Sandro Lauper, wie fühlte es sich an, mit YB Meister zu werden?

«Schmerzhaft», hätte Sandro Lauper, Stammspieler in der Meistermannschaft des BSC Young Boys, auf diese Frage wohl geantwortet. Denn im allerletzten Spiel der Saison verletzte er sich am Knie und wird noch einige Zeit ausfallen. Davon ahnte Sandro Lauper noch nichts, als er eine YB-Nachwuchsmannschaft besuchte und den zwölfjährigen Kickern erzählte, wie er zum Profi geworden ist: was es braucht, wie der Weg aussieht und wie er mit Rückschlägen umgegangen ist.

Die ersten Schritte zum Fussballprofi haben die zwölfjährigen Buben bereits geschafft. Sie sind in eine FE-12-Mannschaft der Young Boys aufgenommen worden und gehören somit zu den rund 400 talentiertesten Spielern der Region. Footeco, wie diese Stufe heisst, ist die Schnittstelle zwischen Kinderfussball und Juniorenfussball. Hier werden neben dem Fussball auch die Grundlagen in den Bereichen Technik und Koordination erarbeitet – daher die Abkürzung Footeco.

TRANSPARENZ ALS OBERSTES GEBOT

Ein ausgeklügeltes Nachwuchskonzept bietet Gewähr, dass wirklich die begabtesten Kinder aus der Region ausgewählt und gefördert werden. Dabei ist der Gedanke, dass Spione mit hochgestelltem Mantelkragen und dunkler Sonnenbrille die Juniorenspiele beobachten und die talentiertesten Spieler abwerben ein Märchen – im Gegenteil! Eine offene, transparente Zusammenarbeit mit den rund 170 Vereinen der Region ist heute gut eingespielt, und jeder Juniorenverantwortliche beim Dorfverein kennt seinen Ansprechpartner bei YB und seinen Partnervereinen Team TOBE (Oberaargau / Emmental), Team AFF / FFV (Freiburg) und Team Köniz. Dieses Konzept bietet für alle Beteiligten Vorteile. Der Junior bekommt in den Footeco-Teams eine gute Ausbildung mit hochqualifizierten Trainern. Der Amateurverein profitiert davon, dass sein Spieler, gut ausgebildet, vielleicht einmal den Weg zurückfindet. Und YB schliesslich kann die Entwicklung der Spieler beobachten und jedem individuell gerecht werden. Ziel des BSC Young Boys ist es, jedes Jahr einen oder zwei auf diesem Weg ausgebildete Spieler in die Super-League-Mannschaft zu integrieren. Dass es funktioniert, zeigen Stammspieler wie David von Ballmoos, Sandro Lauper und Michel Aebischer. Dazu kommen Talente wie Jan Kronig, Leo Seydoux oder Felix Mambimbi, die kurz vor dem Durchbruch stehen.

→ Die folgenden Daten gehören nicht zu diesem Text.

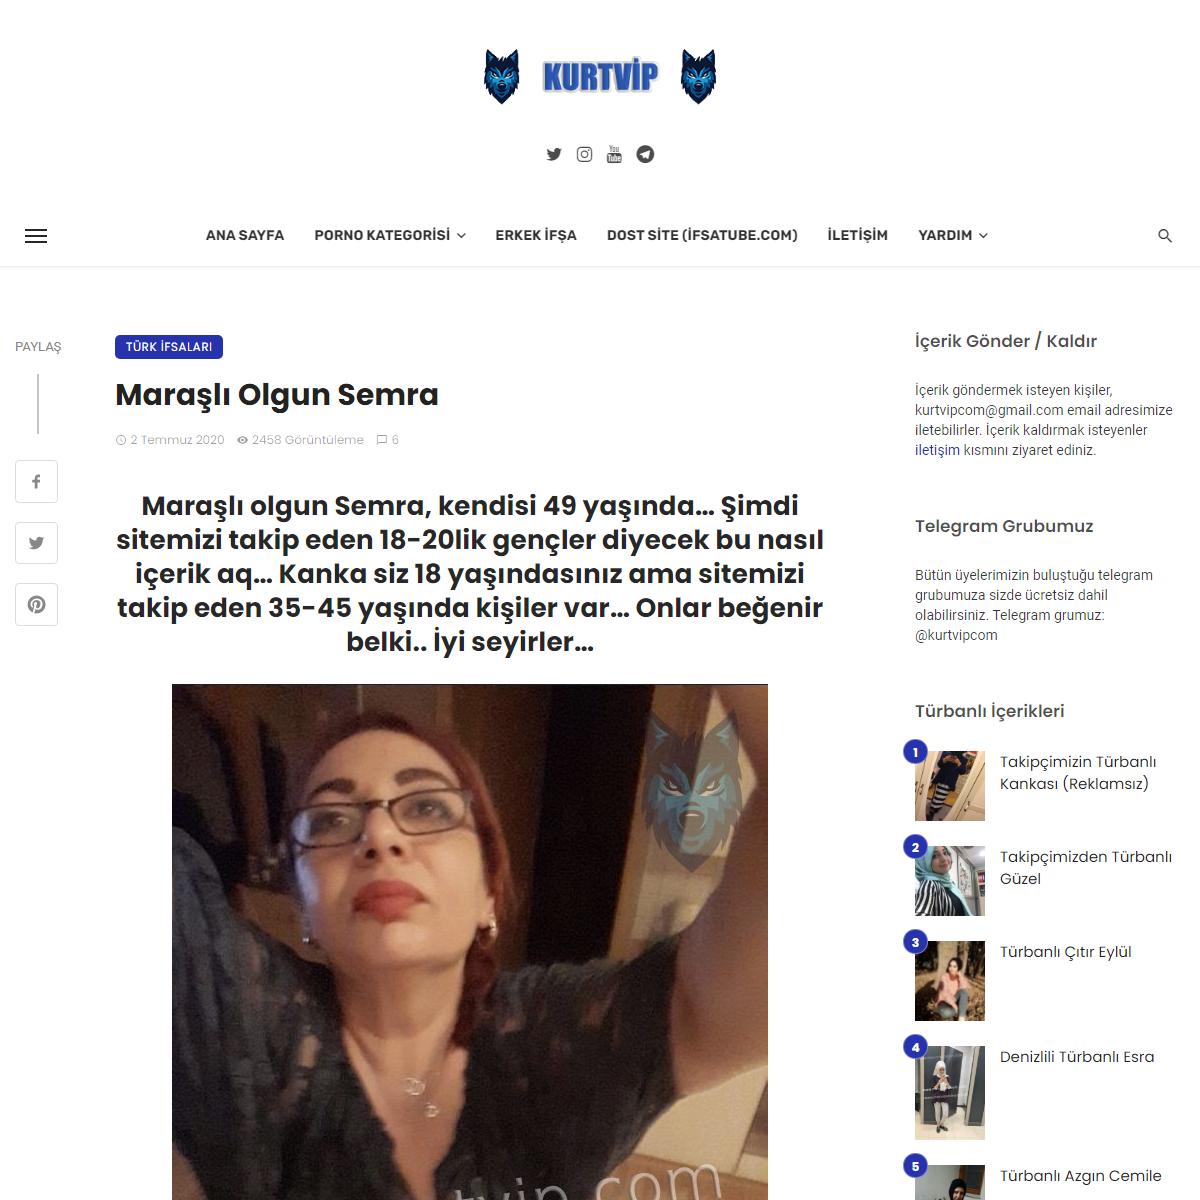 Maraşlı Olgun Semra - Kurtvip - Yabanci - Turk İfsa

TECHNIK, PHYSIS, TAKTIK UND MENTALITÄT

«In Youth we Believe» – «Wir glauben an die Jugend» – heisst das Motto und es ist inzwischen breit abgestützt. Die kleineren Fussballklubs freuen sich, wenn sie das eine oder andere ihrer Talente melden können und es dann von einem der zehn Scouts im Bereich Footeco beobachtet wird. Wenn sich ein künftiger Fussballstar übergangen vorkommt, hat er noch die zusätzliche Möglichkeit, sich an einem der jährlich von YB durchgeführten Talenttage zu empfehlen. Wer zwölfjährig ist und in den Bereichen Technik, Physis, Taktik und Mentalität überzeugt, wird nun optimal gefördert – aber auch selektioniert. Nach drei Saisons Footeco folgt der Schritt in die U15. Inzwischen sind von anfänglich zehn Teams nur noch vier übriggeblieben: Team TOBE (Oberaargau/Emmental), Team AFF/FFV (Freiburg), Team Köniz und BSC Young Boys.

NICHT JEDER WIRD PROFI

Die talentiertesten Spieler aus diesen Selektionen haben die Möglichkeit, die letzten drei Schuljahre in einer Sportklasse in unmittelbarer Nähe der jeweiligen Trainingszentren zu absolvieren. Durch einen optimalen Stunden- und Stoffplan bekommen sie so genügend Zeit für Schule und Sport. Bei diesem Spagat nimmt der BSC Young Boys seine soziale Verantwortung sehr ernst. Denn nur die wenigsten Spieler bekommen später einen Profivertrag – ihren Lebensunterhalt müssen aber alle verdienen können. «Darum besucht jeder, und sei er noch so ein grosses Talent, nach der 9. Klasse eine weiterführende Schule oder er macht eine Berufslehre», sagt Christian Franke, der YB-Nachwuchschef. Öffentliche oder private Sporthandelsschulen sind da sehr gefragt. «Mit der Feusi Schule haben wir einen starken Partner, welcher viele verschiedene, auf den Sportbetrieb abgestimmte Lösungen, anbietet,» erzählt Christian Franke. «Auch die gymnasiale Ausbildung steht hoch im Kurs, beispielsweise bei der Swiss Olympic Partner School Gymnasium Neufeld oder an der Feusi Schule.» Beliebt sind auch traditionelle Berufslehren. Hier brauchen manche etwas mehr Zeit bis zum Lehrabschluss, weil sie wegen des Sports oft fehlen müssen. «Aber die YB-Erfolge der letzten Jahre haben uns einige Türen zu verständnisvollen Lehrbetrieben geöffnet, und wir erhalten viele positive Rückmeldungen,» sagt Christian Franke. Ein tadelloses Auftreten, eine kluge Zeiteinteilung und die Bereitschaft, sich voll und ganz für sein Team einzusetzen: das sind Werte, die schon den zwölfjährigen Footeco-Spielern vertraut sind und sich in ihrem späteren Leben auszahlen werden, wo auch immer.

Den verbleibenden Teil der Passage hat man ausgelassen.